Hope And Expectation As Tour De France Starts In COVID-19 Shadow
Belgian team Lotto have already sent home four of its staff after one positive test and one "suspicious" result.
- The Tour de France rolls out from the French Riviera on Saturday
- Throughout the Tour, a virus testing cell will travel with the teams
- The pandemic means a very different looking Tour for riders and fans
The Tour de France rolls out from the French Riviera on Saturday, two months later than planned and under the shadow of a coronavirus pandemic, which could still shatter hopes of the world's greatest bike race making it to the Paris finish line in three weeks' time. Originally slated for June, stage one of the three-week epic race over the peaks and plains of France embarks from Nice with its iconic Promenade des Anglais for a 154km loop, likely to end in the kind of mass bunch sprint which is tailor-made for a global TV audience tuning in from 190 countries.
However, coronavirus still has the race in its grip.

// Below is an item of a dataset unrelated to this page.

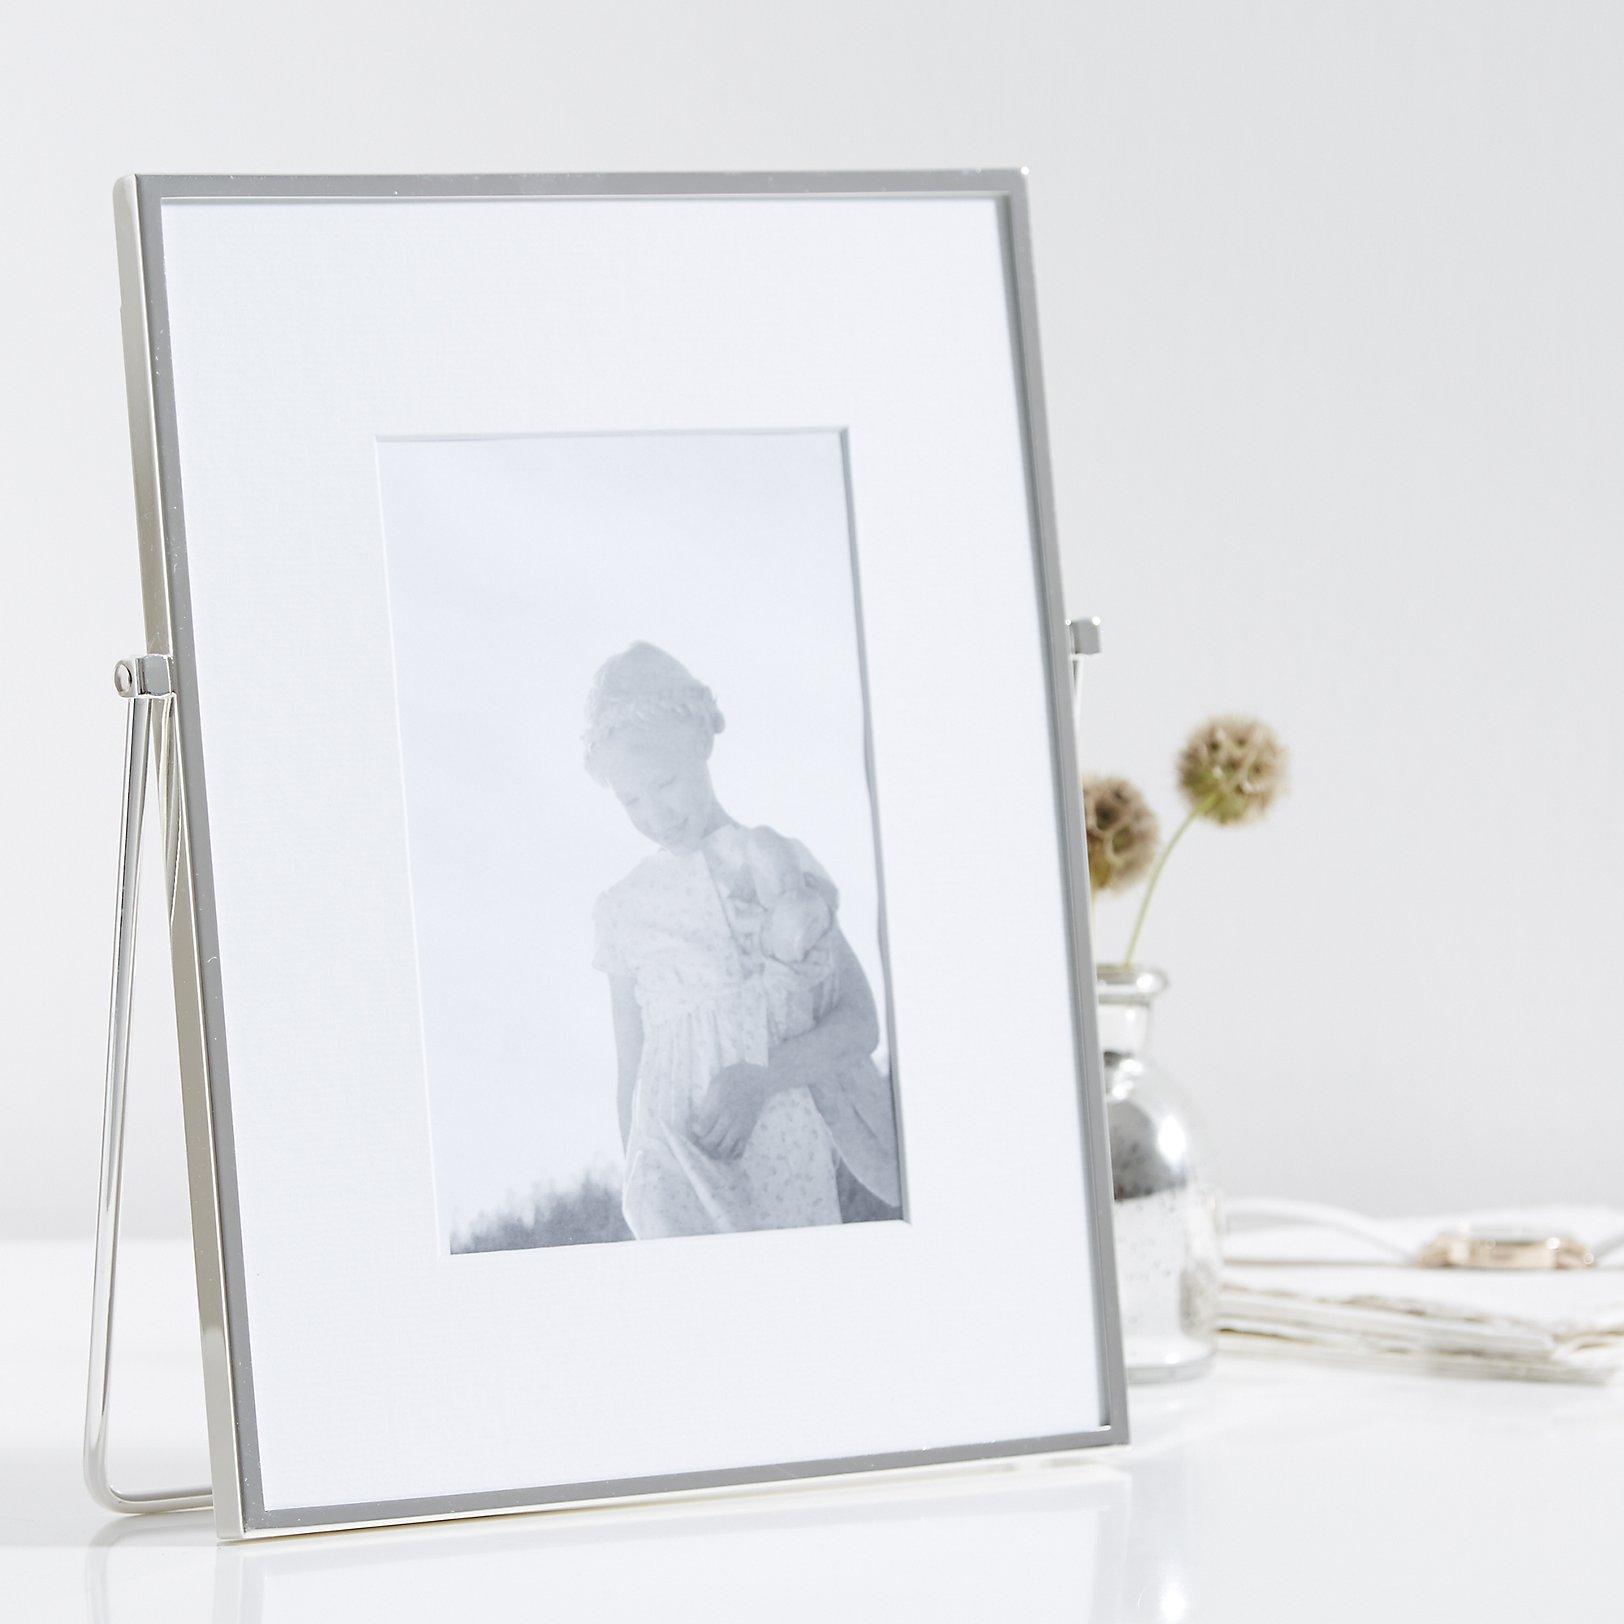 Silver 5x7 easel frame

On Thursday, French Prime Minister Jean Castex put Nice on a Covid-19 "red zone" list with tightened health protocols. Race director Christian Prudhomme told AFP on Saturday that the rule of expelling teams from the Tour with two riders testing positive had been tightened to two positives from the whole entourage, including the likes of mechanics, cooks and drivers along with riders.
In a worrying appetiser, Belgian team Lotto have already sent home four of its staff after one positive test and one "suspicious" result.
Saturday's start and finish line on the Promenade des Anglais will allow just 100 spectators.
Throughout the Tour, a virus testing cell will travel with the teams.
The pandemic means a very different looking Tour this year for riders and fans.
Current French government law limits public gatherings to 5,000.
That means a cataclysmic change for organisers, with some climbs in previous years attracting hundreds of thousands of people along the roadsides.
"Yes, the public will have access to the Tour de France," Prudhomme insisted, explaining that screening areas would be in place to monitor numbers.
Health and safety protocols for riders and teams involve them being kept in a bubble and tested several times, with the smallest possible interaction between respective bubbles.
Dave Brailsford, the head of Team Ineos which has gobbled up seven of the last eight Tour de France titles, admitted there remains uncertainty over the race getting to the Champs-Elysees on September 20.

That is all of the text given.